*Exercise brief*: Each line below should be repeated exactly as written, with no pictures carried over.

** Given data follows **

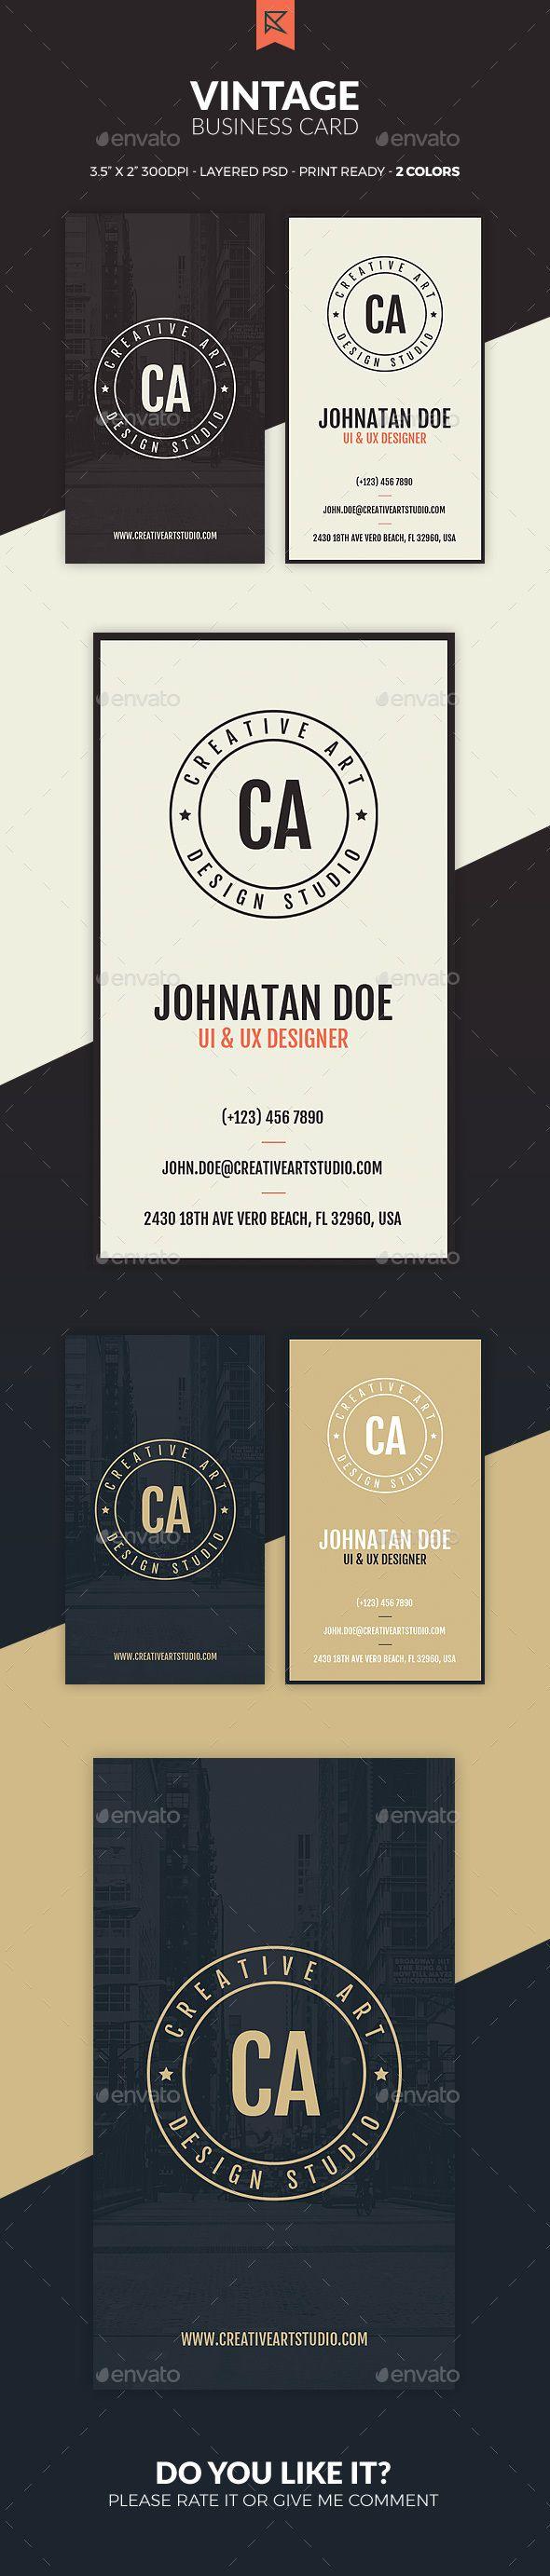 Vintage Business Card - #Business #Cards Print Templates Download here: https://graphicriver.net/item/vintage-business-card/20030943?ref=alena994
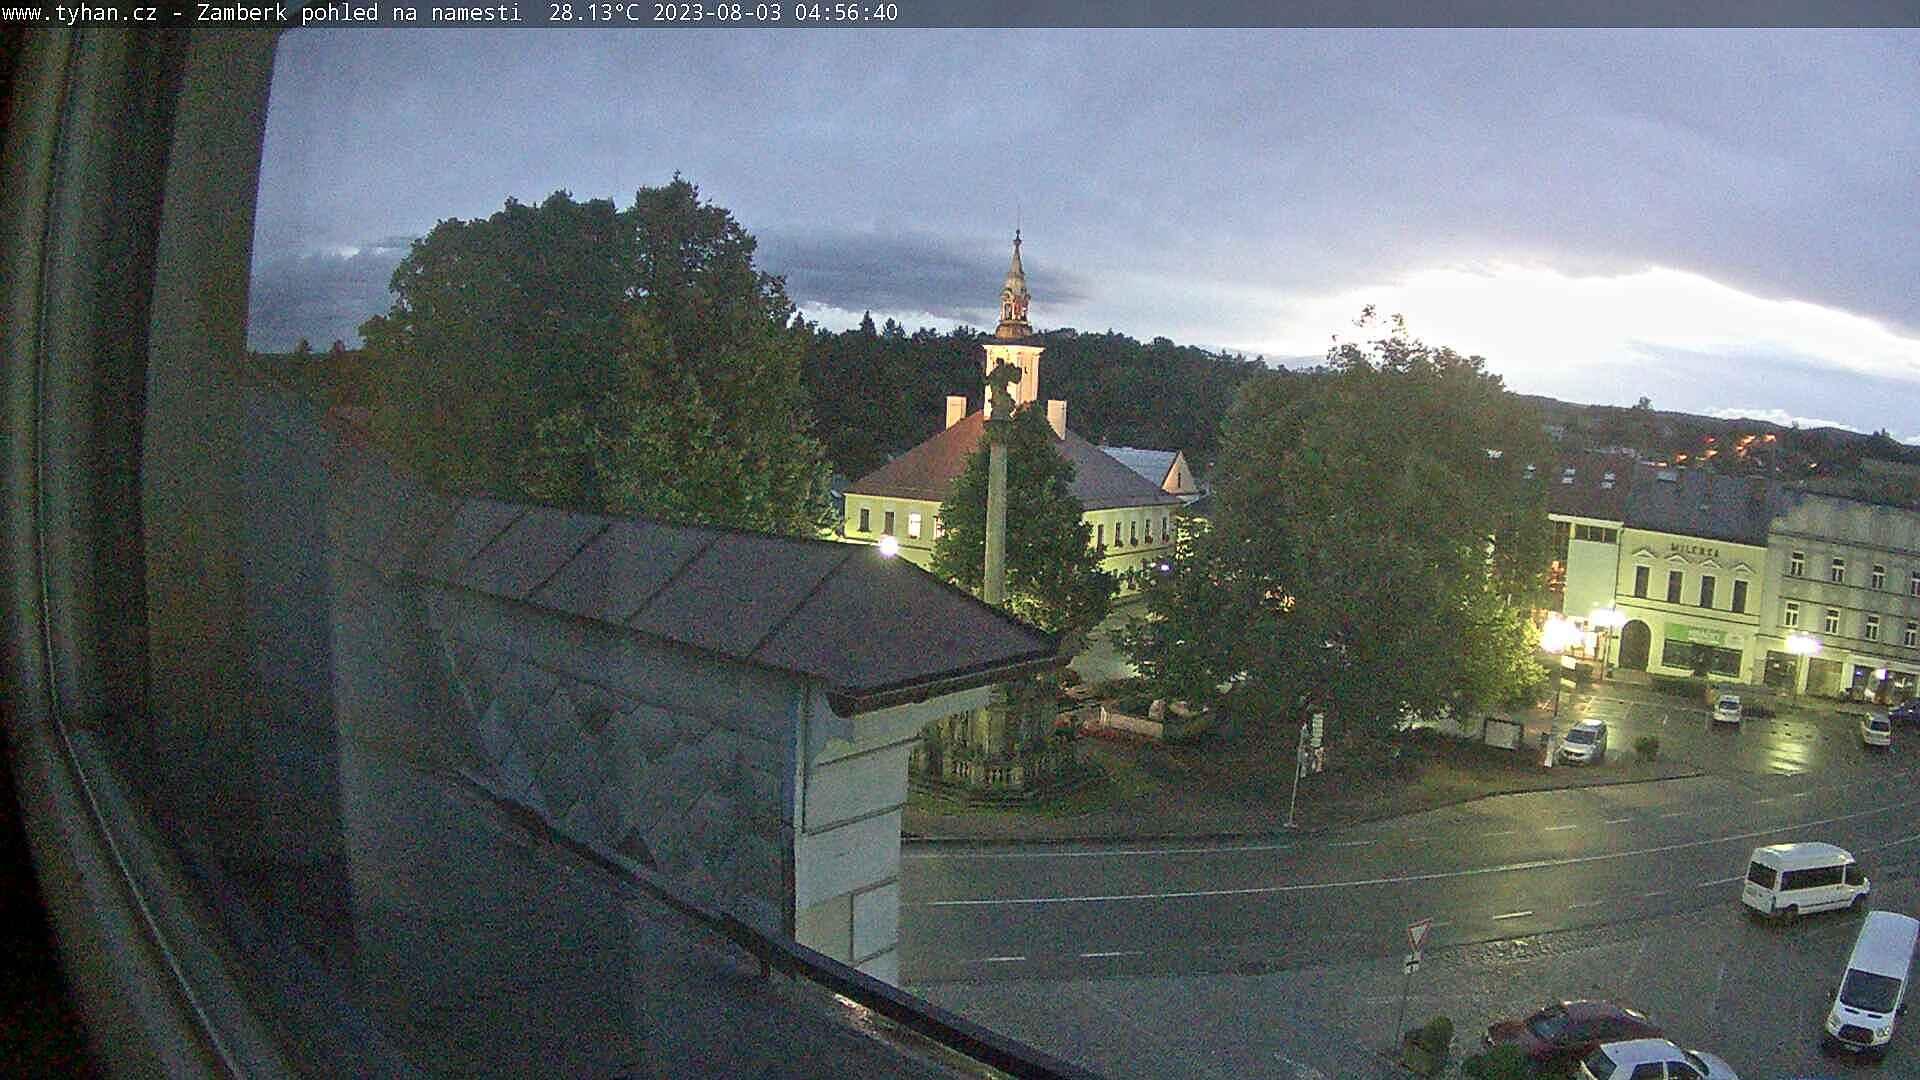 Webkamera - Žamberk
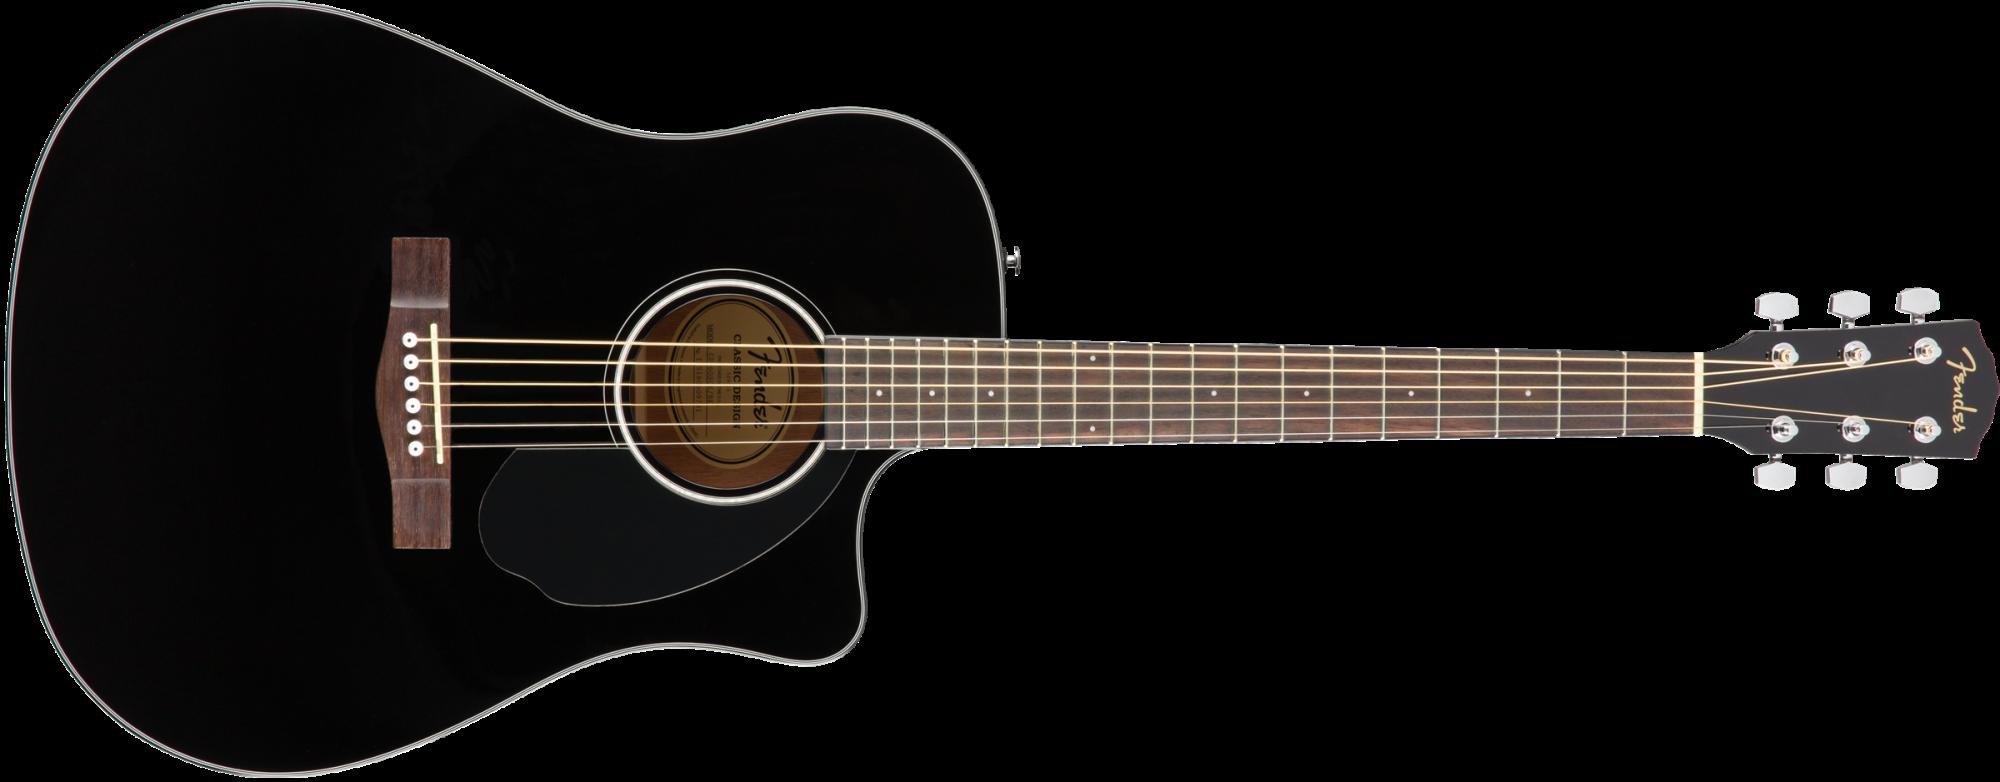 Fender CD-60SCE Dreadnought Acoustic Guitar - Walnut Fingerboard - Black
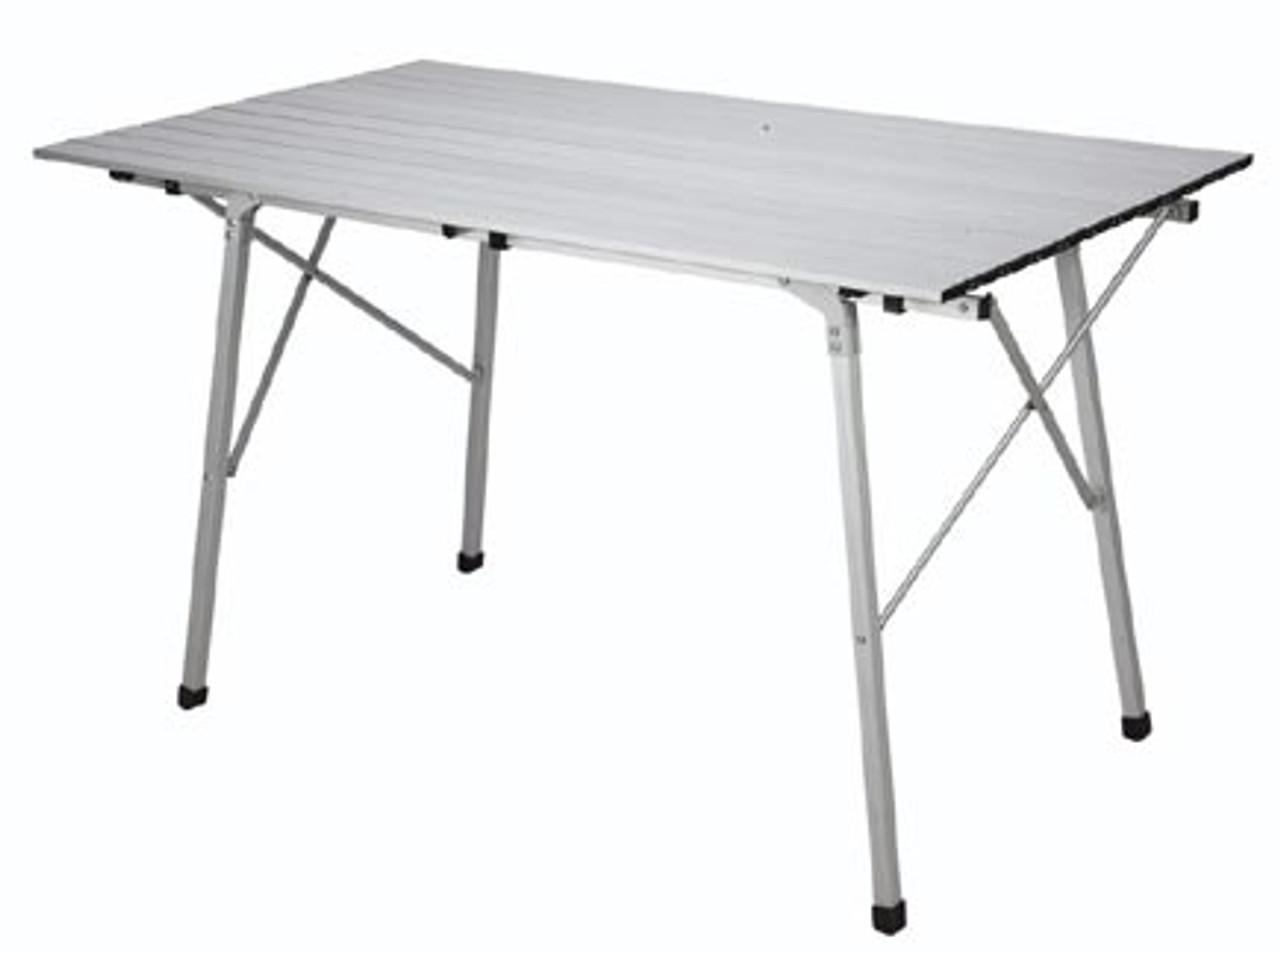 Campro Folding Table 120cm x 70cm

** End of Given data **

*Response box*:
 Vintage Business Card - #Business #Cards Print Templates Download here: https://graphicriver.net/item/vintage-business-card/20030943?ref=alena994
 Webkamera - Žamberk
 Fender CD-60SCE Dreadnought Acoustic Guitar - Walnut Fingerboard - Black
 Campro Folding Table 120cm x 70cm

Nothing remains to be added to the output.